The trading banks believe that the New Zealand dollar will weaken over the remainder of the year as US interest rates rise and the Greenback firms.

The general consensus is that the New Zealand dollar will be in the 59 to 67 US cents range by year end with a number of economists predicting 63 US cents.

In its March 2005 Monetary Policy Statement the Reserve Bank predicted that the Trade Weighted Index (TWI) will steadily fall over the next few years.

The central bank predicts an average TWI of 68.25 in the second half of 2005, 65.5 in the first half of 2006, 63.0 in the second half, 61.25 in the first half of 2007 and 59.75 in the second half.

FIXED INTEREST

New Zealand has traditionally had higher interest rates than the United States, particularly for short-term borrowings. The gap widened in recent years and is one of the major reasons why the New Zealand dollar has performed so strongly against the US dollar.

However as the table below shows the gap has narrowed in recent months and has contributed to the fall in the Kiwi against the Greenback.

(Although one year Government/Treasury Bonds are not the most widely traded securities in either New Zealand or the United States they do give a good indication of the overall short-term rate structures in both countries.)
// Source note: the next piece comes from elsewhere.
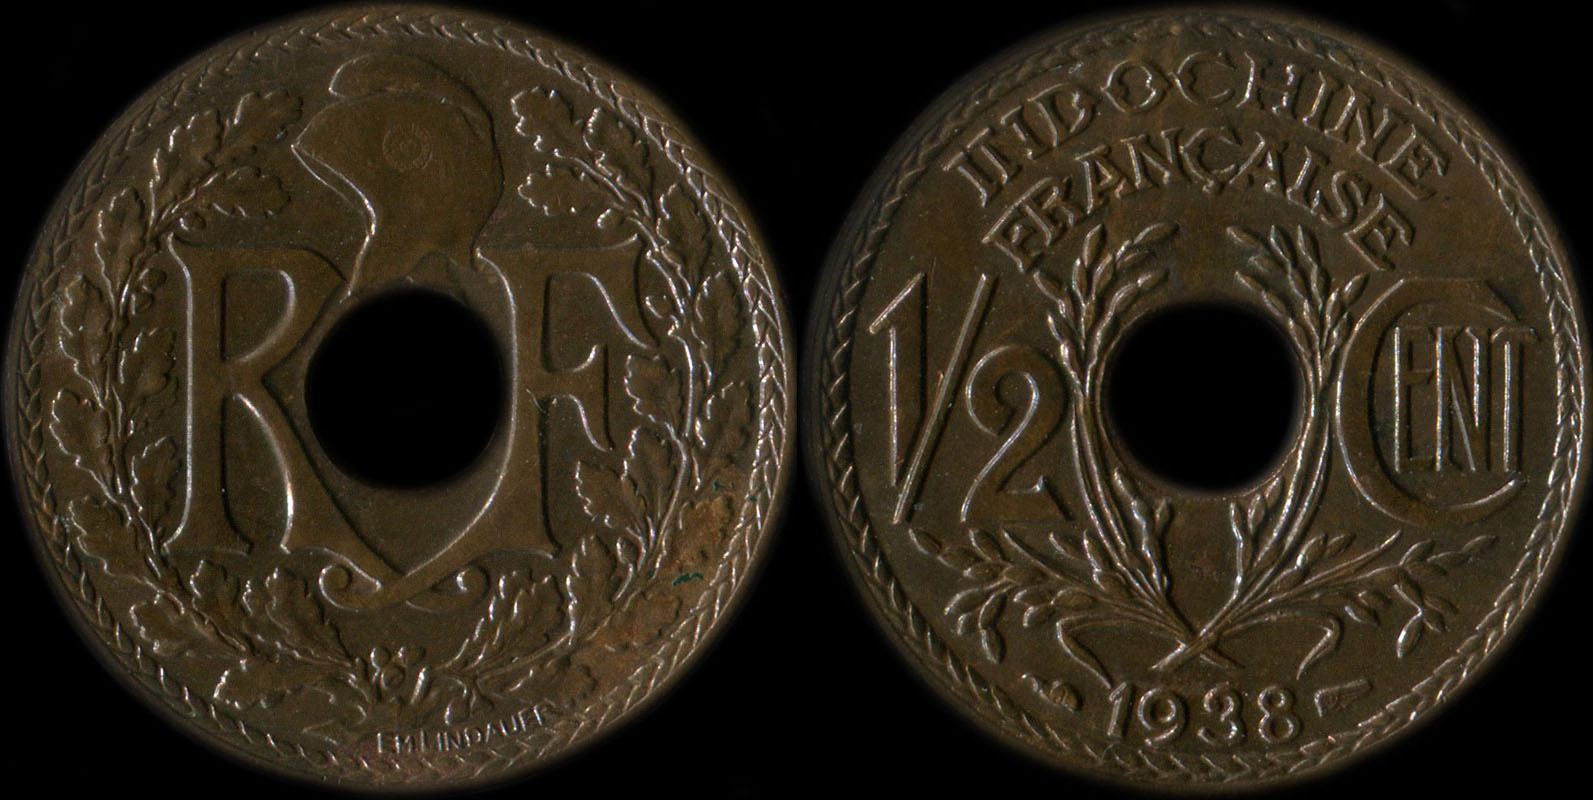 Pièce de 1/2 centième Indochine 1938
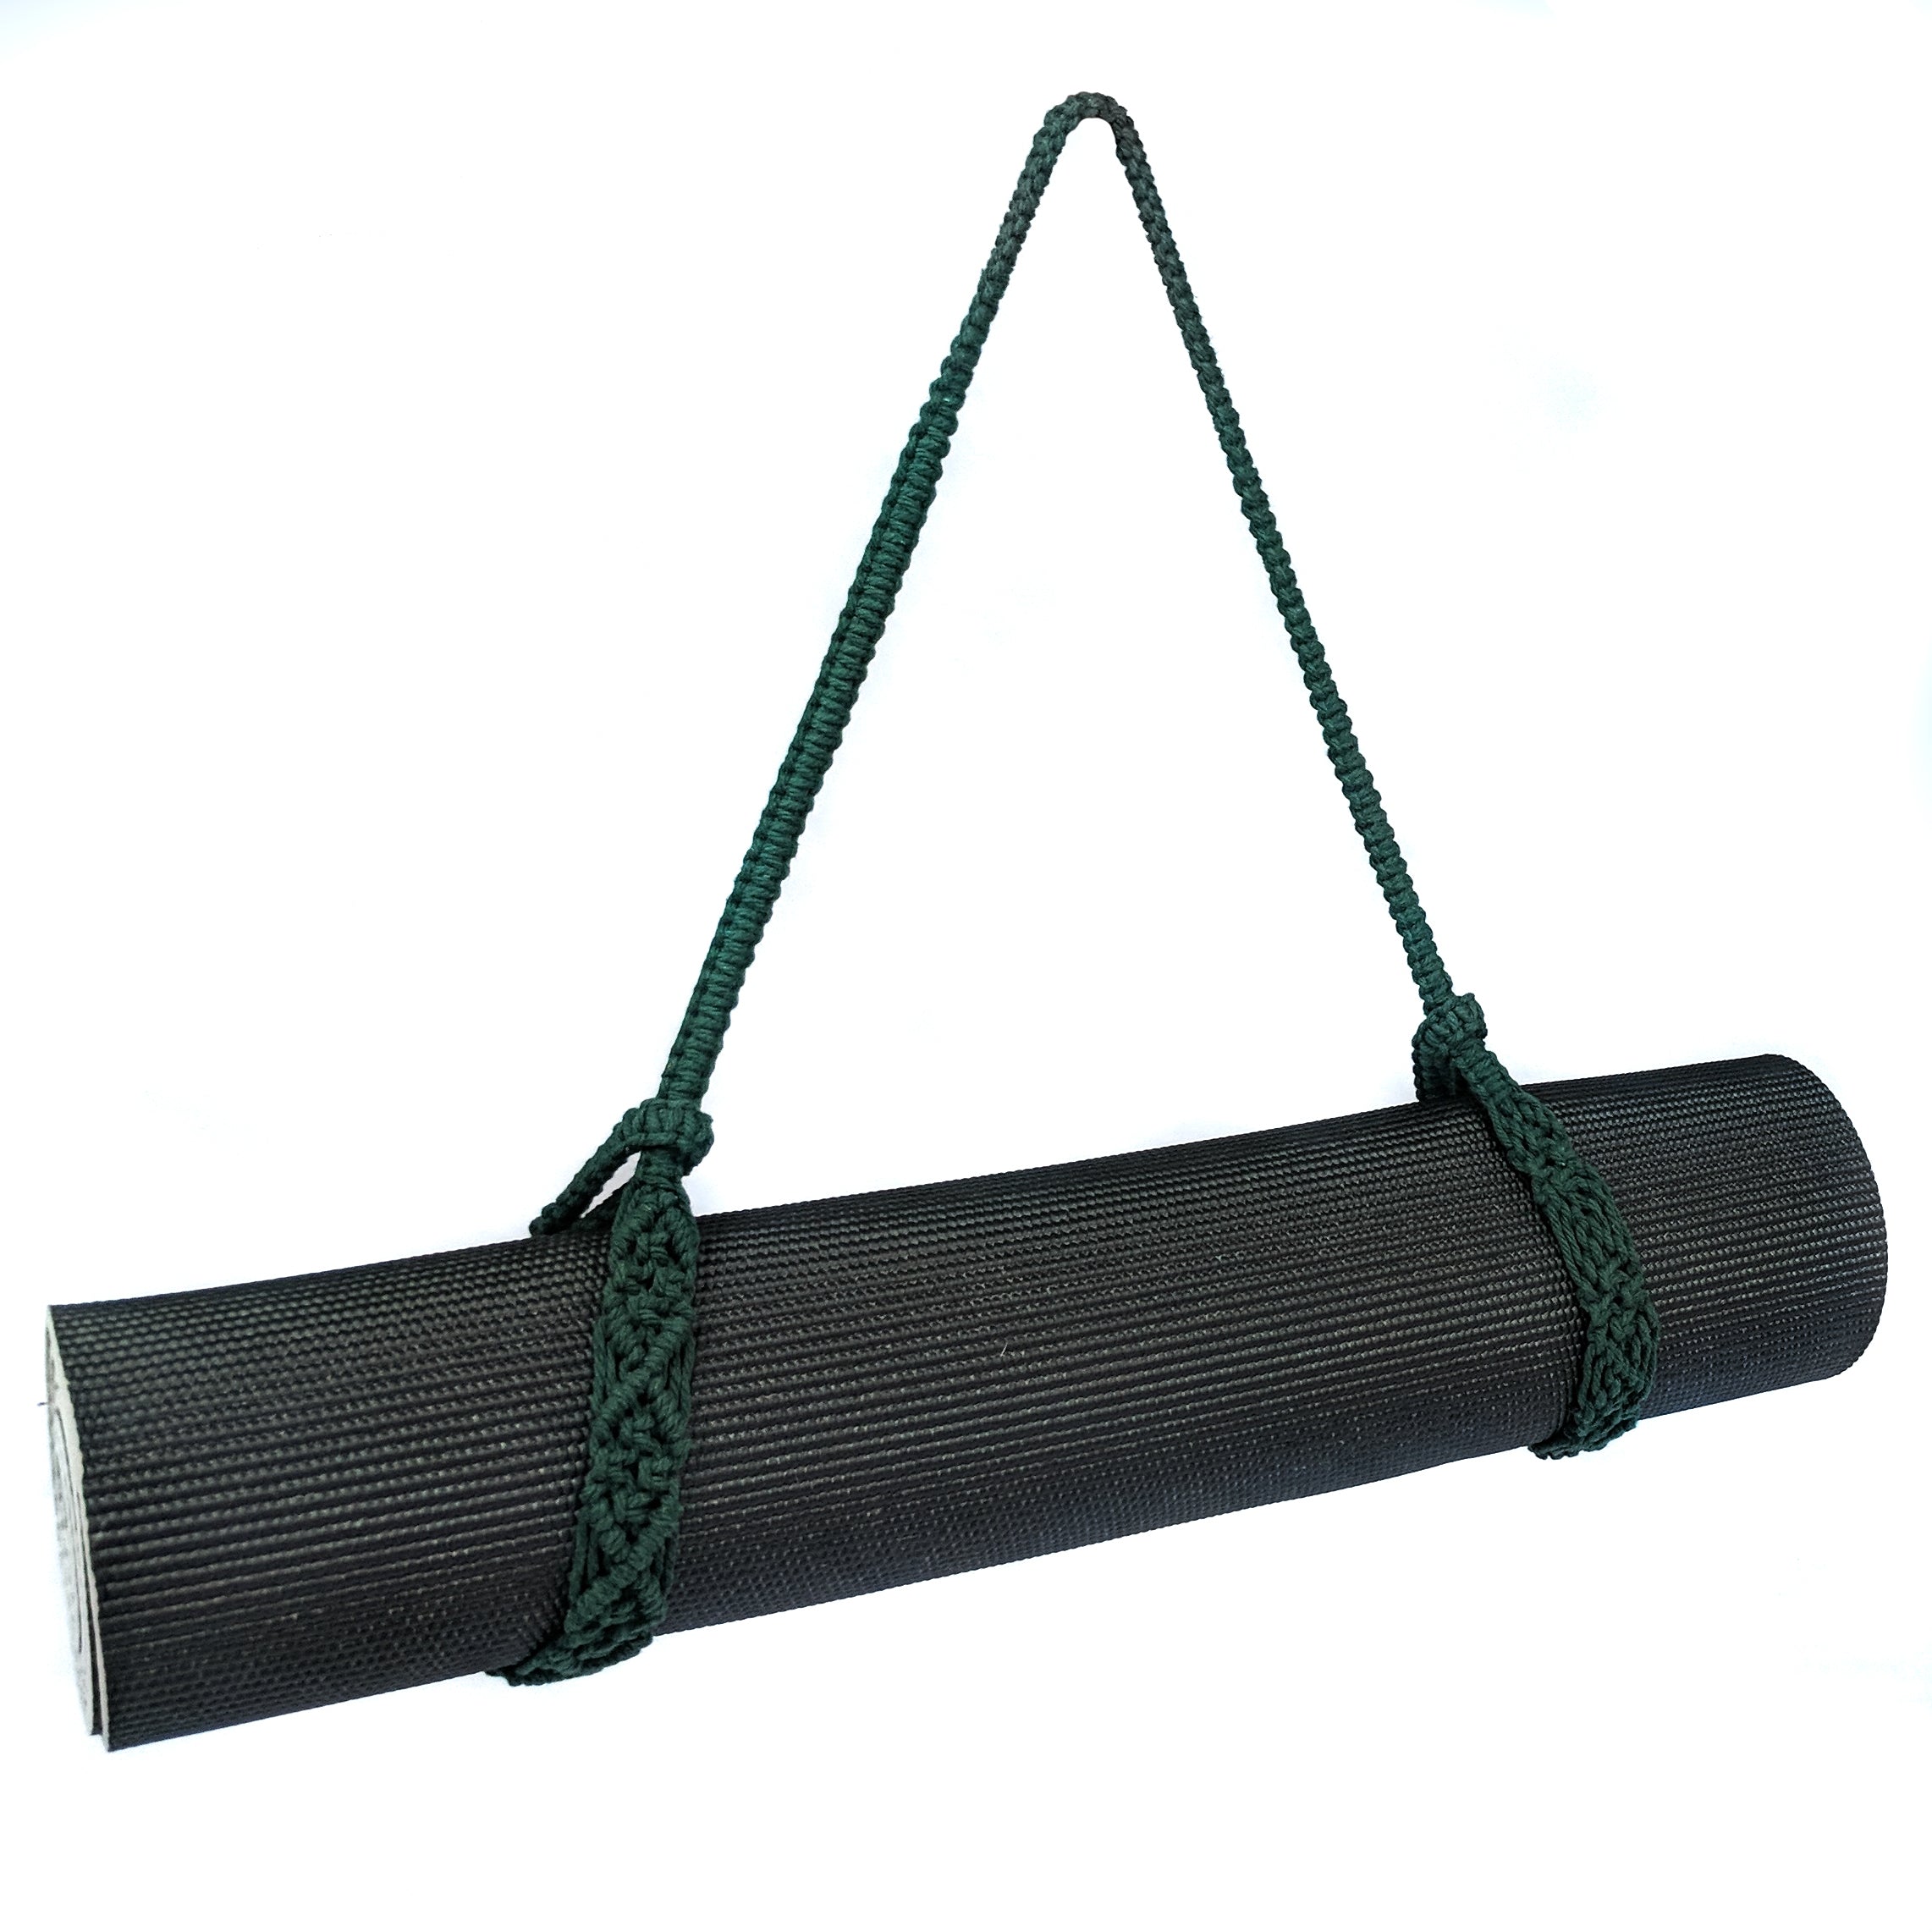  laddawan Macrame Yoga Mat Strap Sling Eco-Friendly

One-Year Government Securities – NZ & USA

Date New Zealand United States Difference
31/03/05 6.47% 3.35% +3.12
31/12/04 6.35% 2.67% +3.68
31/03/04 5.34% 1.19% +4.15
31/03/03 5.42% 1.24% +4.18
31/03/02 5.46% 2.57% +2.89
31/03/01 5.76% 4.30% +1.46
31/03/00 6.69% 6.22% +0.47


United States interest rates are expected to rise this year as the Federal Reserve tightens monetary policy in response to rising inflationary pressure. New Zealand rates should remain relatively steady as long as our rate of economic growth slows.

However if the economy doesn’t slow then this, together with the weaker Kiwi, will create inflationary pressure. In this situation the Reserve Bank of New Zealand will have little option but to increase its OCR (Official Cash Rate), which will raise the country’s overall interest rate structure.

OUTLOOK

The outlook for the world economy remains positive with Australia expected to perform relatively better than New Zealand.

The sharp drop in the New Zealand dollar has encouraged overseas investors to crystallise profits on their New Zealand shareholdings. As a result the NZX will struggle to achieve our forecast gross returns of between 10 per cent and 15 per cent in the current year. The outlook for the Australian sharemarket is slightly better.

Inflation concerns have increased because of a combination of a strong domestic economy and the fall in the New Zealand dollar. The Reserve Bank will have to raise interest rates again unless economic activity eases.

The New Zealand dollar continues to be the biggest uncertainty. In the December 2004 quarter review we stated that a range between 60 and 65 US cents would be the best scenario. At this stage that looks like a reasonable assumption for the Kiwi at the end of 2005.